La puta lo observa y siente en su propia piel el frío dolor del amor roto.
–Duele mucho ¿verdad, cielo?
–Infinito –responde con una lágrima.
La puta le ayuda a desvestirse de cintura para abajo. Su pene está fláccido. Está triste como el alma que se está resquebrajando. Siente hasta chasquidos de cristal que se resquebraja dentro del hombre.
–No puedes, ahora, cielo.
–Ayúdame, no puedo salir de aquí así, con este dolor.
–Nadie vale este dolor.
–Ella sí.
Y la puta asiente mirando las viejas cicatrices de sus muñecas.
Llena un vaso con agua y le ofrece dos pastillas
–Tómalas, en veinte minutos la tendrás dura.
Y ambos encienden un cigarrillo sin hablar.
La puta acaba su cigarrillo y empieza a masajear el pene del hombre sentado al borde de la cama. A medida que va creciendo entres sus dedos, se lo va llevando a la boca que a partir de ese momento crece desmesuradamente.
Cuando baja el prepucio, el glande se ofrece con un color amoratado, casi púrpura, la sangre parece querer salir a través de ese delicado tejido nervioso.
El hombre gime, pero no de placer.
El hombre no se da cuenta de que está llorando. Se cree aún de acero templado y sin fisuras.
Y la puta piensa que debe hacerse, como ella un día cortó sus venas.
No le avisa cuando pinzando la cabeza del condón para que no se caigan las virutas, se lo desliza por el miembro.
No le avisa cuando de golpe hace bajar hasta su sitio la goma y siente en sus propios dedos como las púas y virutas metálicas se clavan en una carne delicada que si pudiera pensar, jamás hubiera imaginado que pudiera ser tan desgarrada.

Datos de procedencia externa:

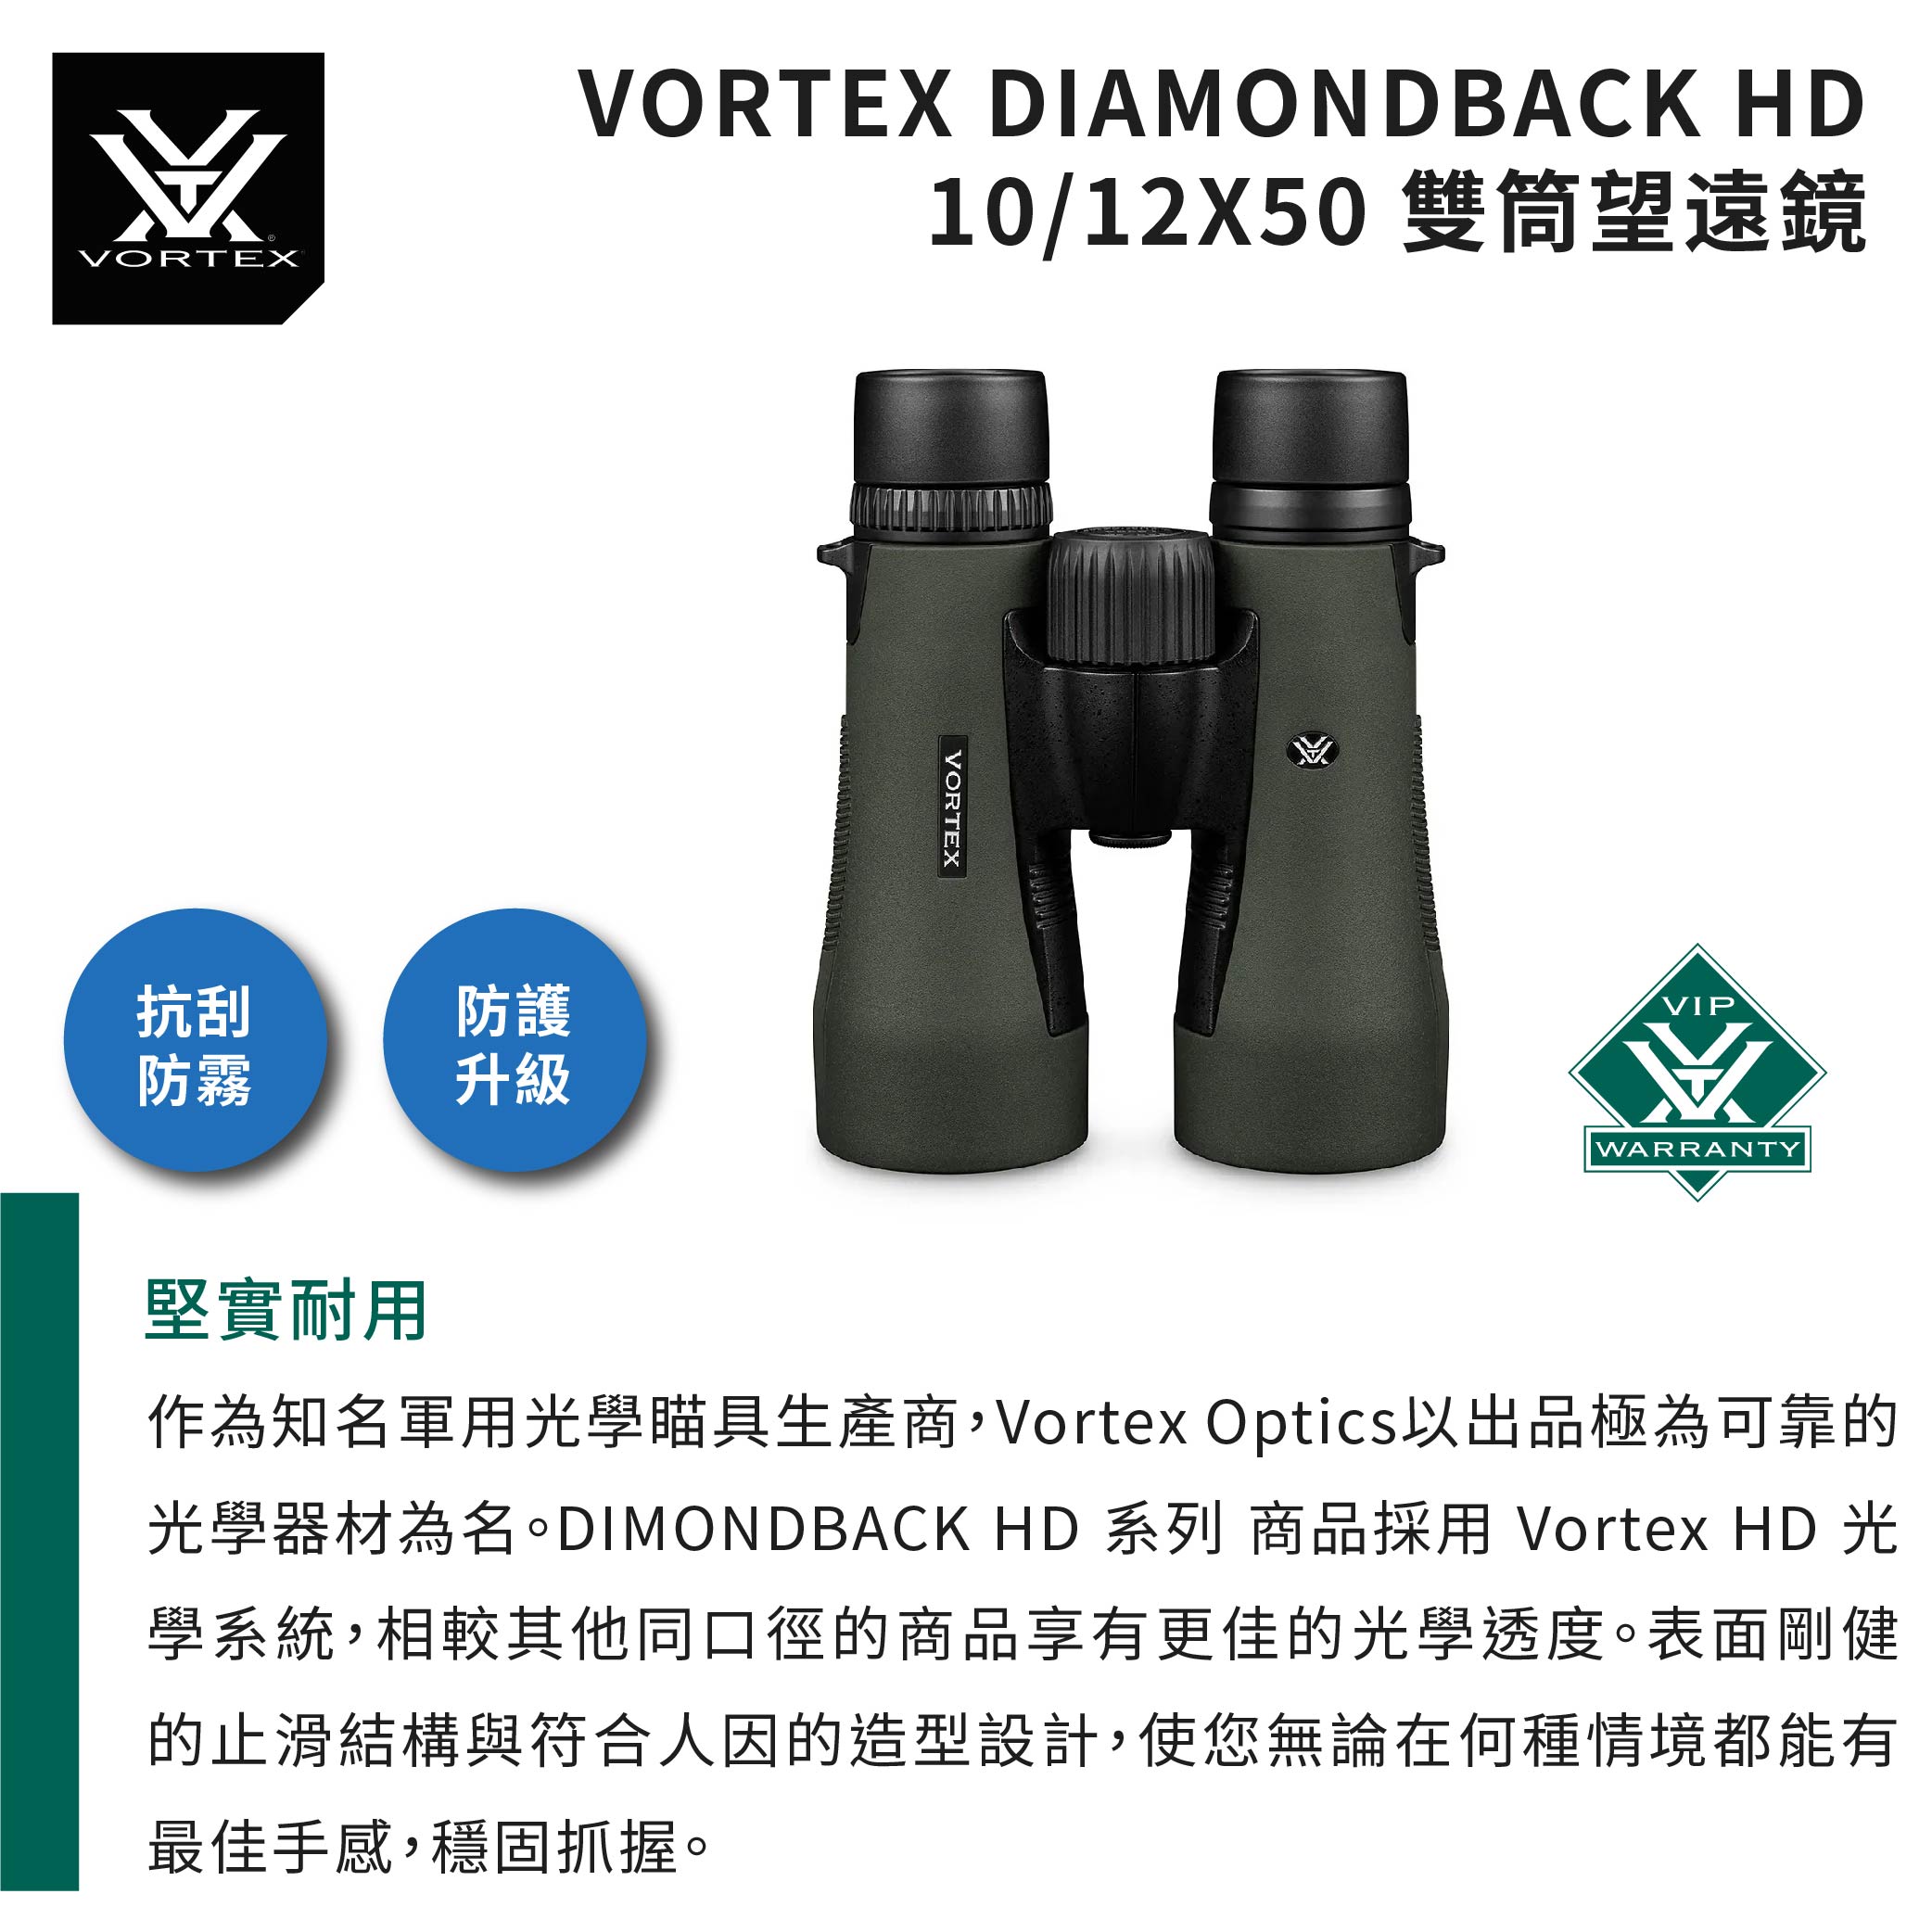 VORTEX抗刮防霧防護升級VORTEX DIAMONDBACK HD10/12X50 雙筒望遠鏡VORTEXVIPWARRANTY堅實耐用作為知名軍用光學瞄具生產商,Vortex Optics以出品極為可靠的光學器材為名 HD 系列 商品採用 Vortex HD 光學系統,相較其他同口徑的商品享有更佳的光學透度。表面剛健的止滑結構與符合人因的造型設計,使您無論在何種情境都能有最佳手感,穩固抓握。

Porque no es diamante, hay cosas que no son duras y duelen aunque no sean importantes.
Los dedos de los pies del hombre se crispan ante el ramalazo de dolor y sus manos se cierran intentando estrangular la colcha de la cama. Se ha mordido el labio y mana sangre como empieza a manar también del glande maltratado.
–Mastúrbame, quiero correrme.
La puta traga saliva, se va a hacer muy largo este servicio, piensa. Y se arrepiente de haber aceptado el trabajo. Aunque mirando los ojos del desgraciado, el amor ha sido infinitamente más cruel.
Aprieta con fuerza el puño en el bálano y comienza a subirlo y bajarlo. No se ha quitado los guantes, hay algo completamente irreal en ello. El hombre no se queja, su vientre es una madera de contraído que está y su escroto ha quedado duro y pequeño como un cuero.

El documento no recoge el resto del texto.